Tuesday, June 11, 2013

Fathers Day - Walks On Thin Ice.

Fathers Day two years ago we were threatened by wildfires here. Tense moments. We had to pick out what was important and put it in the car for a fast departure, if required. Amazing how truly important things rise to the top without a lot of thought, like life buoys popping to the surface of the water when released from underwater.
http://milesofthejourney.blogspot.com/2011/06/revelation-in-wildfire.html

One year ago on Fathers Day, I had an allergic reaction to something, creating serious problems. I truly thought I was going to die as we made the trip to the emergency room. And I remember that on the way to the emergency room we passed by the intersection where I get on my usual bike route. And, I thought of the great times there, thanked God for those times, and wondered and doubted a little, I would ever experience that again. http://milesofthejourney.blogspot.com/2012/06/scary.html

One more time Fathers Day approaches.
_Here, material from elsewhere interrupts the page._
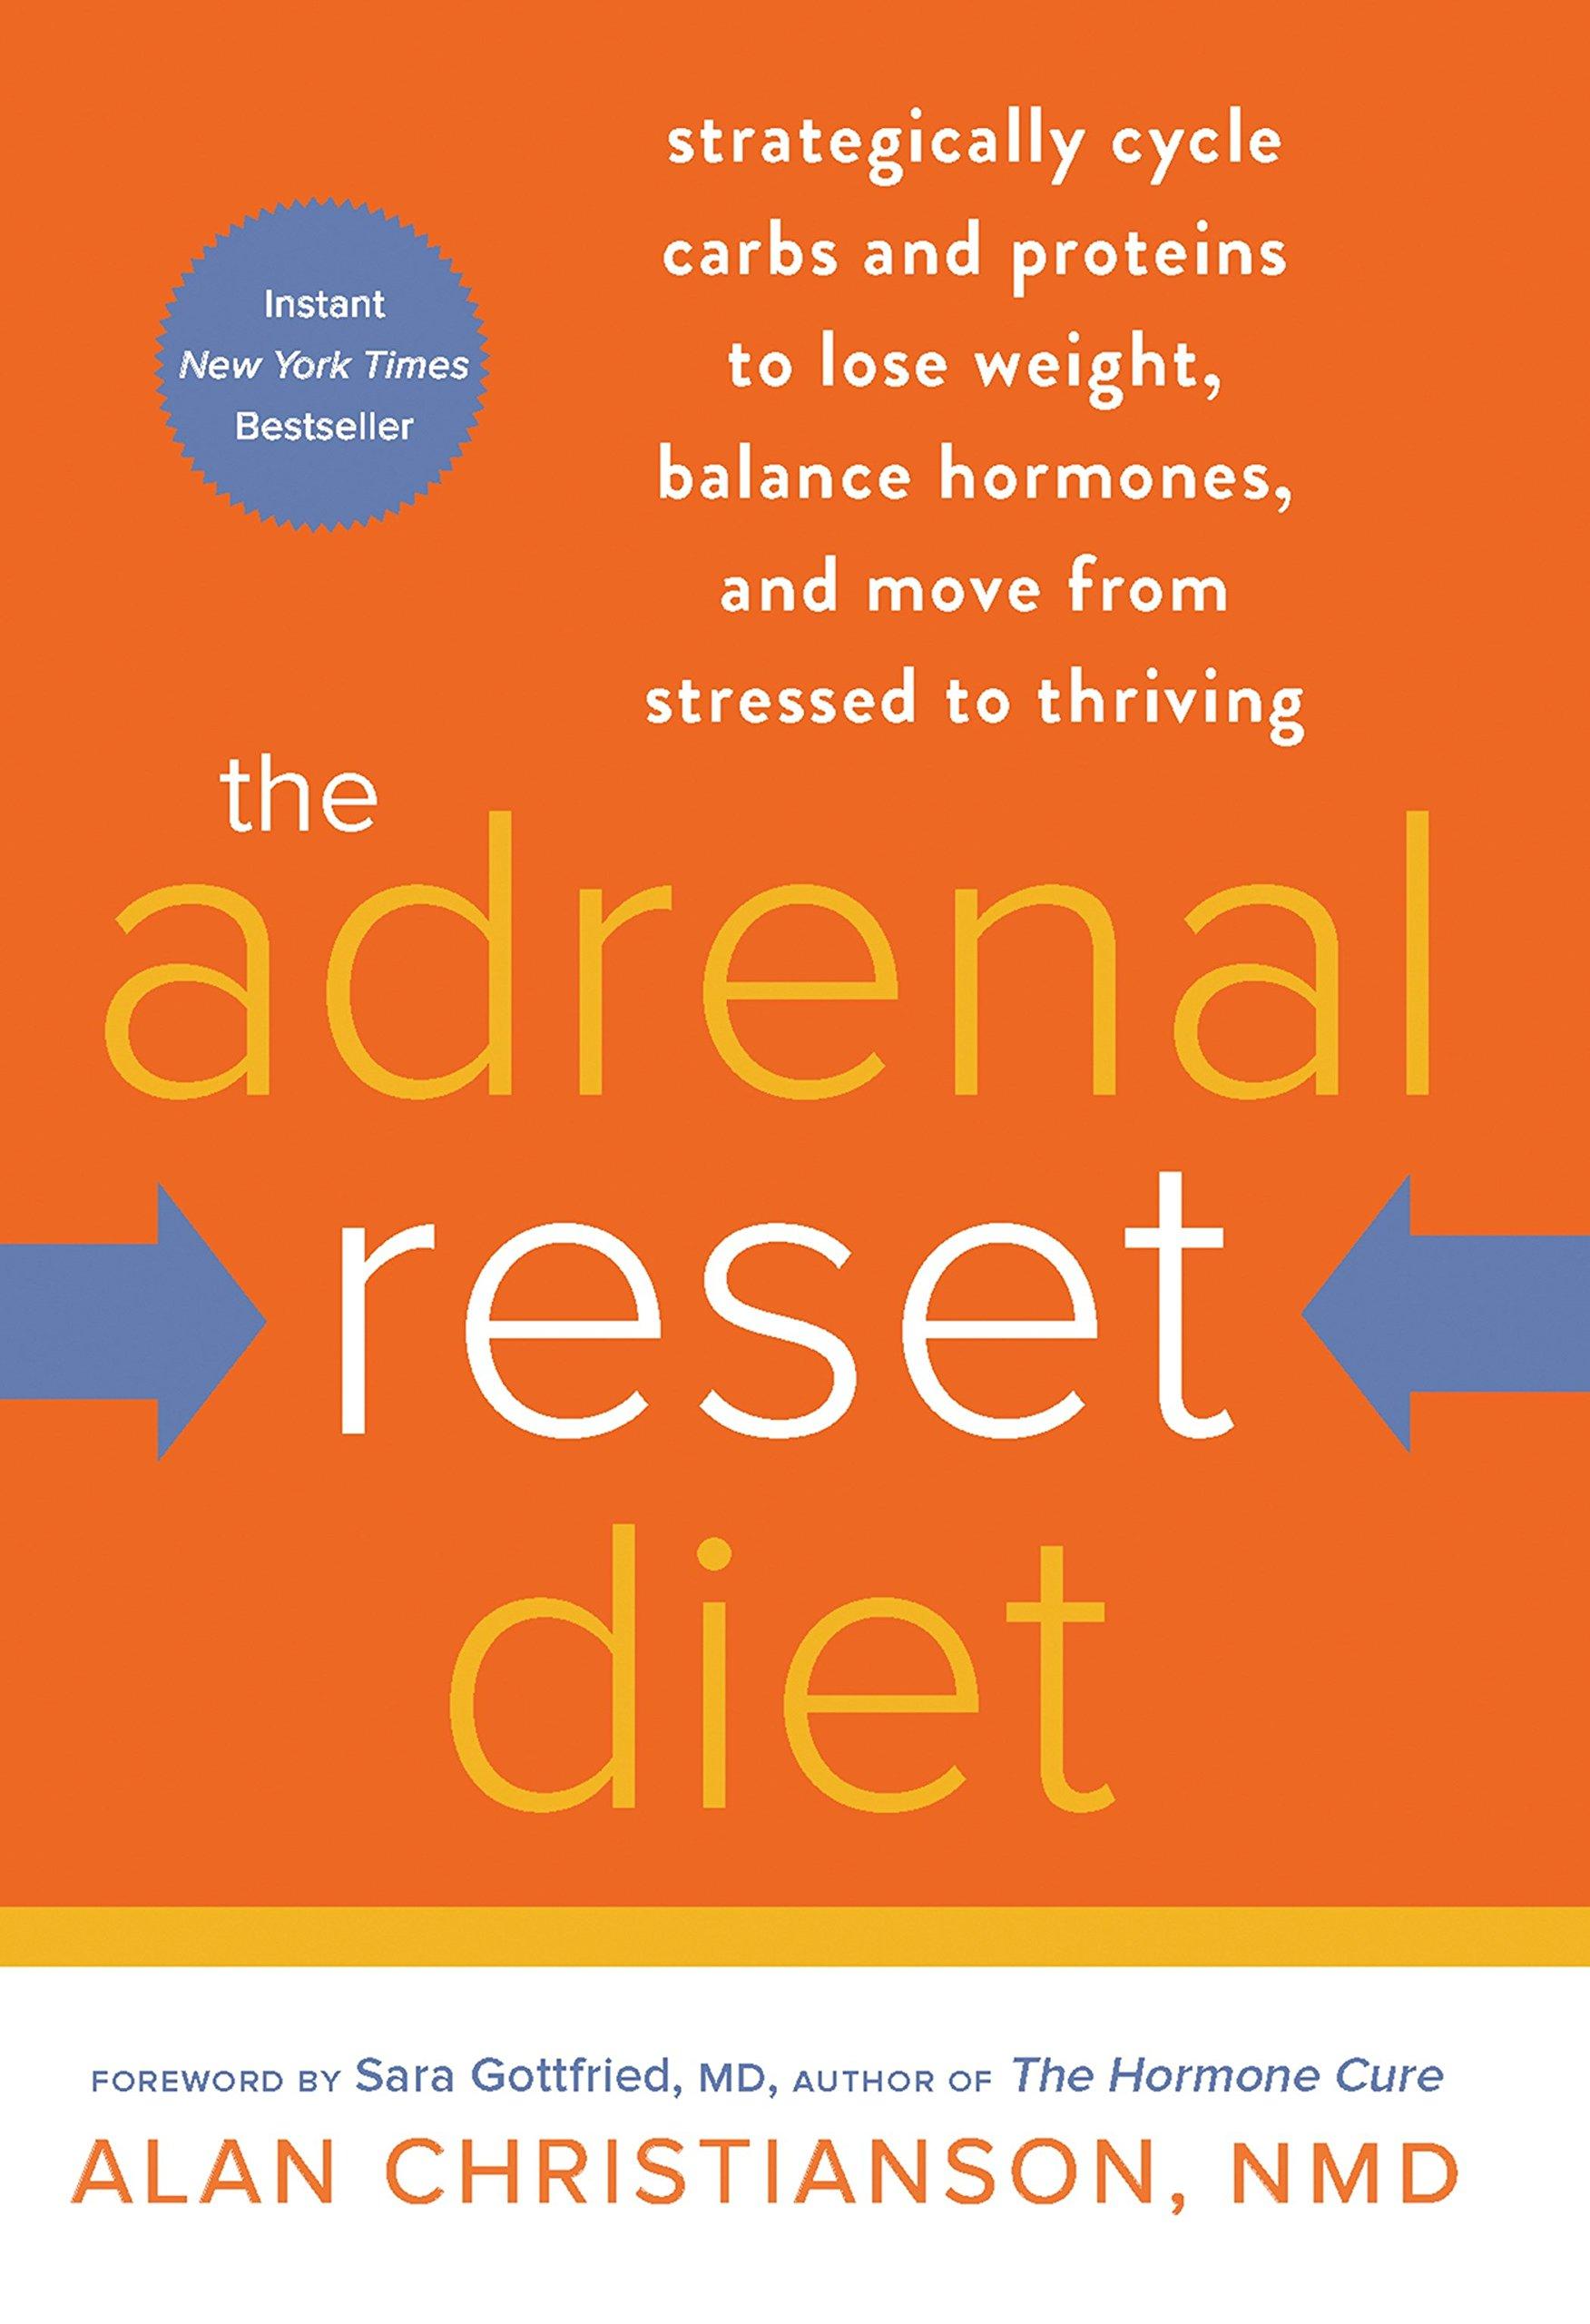 adrenial reset diet vs keto

Today, on that same course, I heard emergency vehicles coming my way. The traffic was at a standstill. An accident? A fire? As I moved closer to the front of the stalled traffic, I could see a vehicle turned upside down and people looking under it. The ambulance was very near. Not good. I prayed for whoever might be involved in this accident. And, at the same moment - like with the wildfires - without much thought, I tapped into what was really important: My relationship with God through Jesus Christ and the people I love. Fathers Day last year taught me that this life is a walk on thin ice. We can fall through any moment. Do the people I love know how I feel about them? Is there something left unsaid, undone?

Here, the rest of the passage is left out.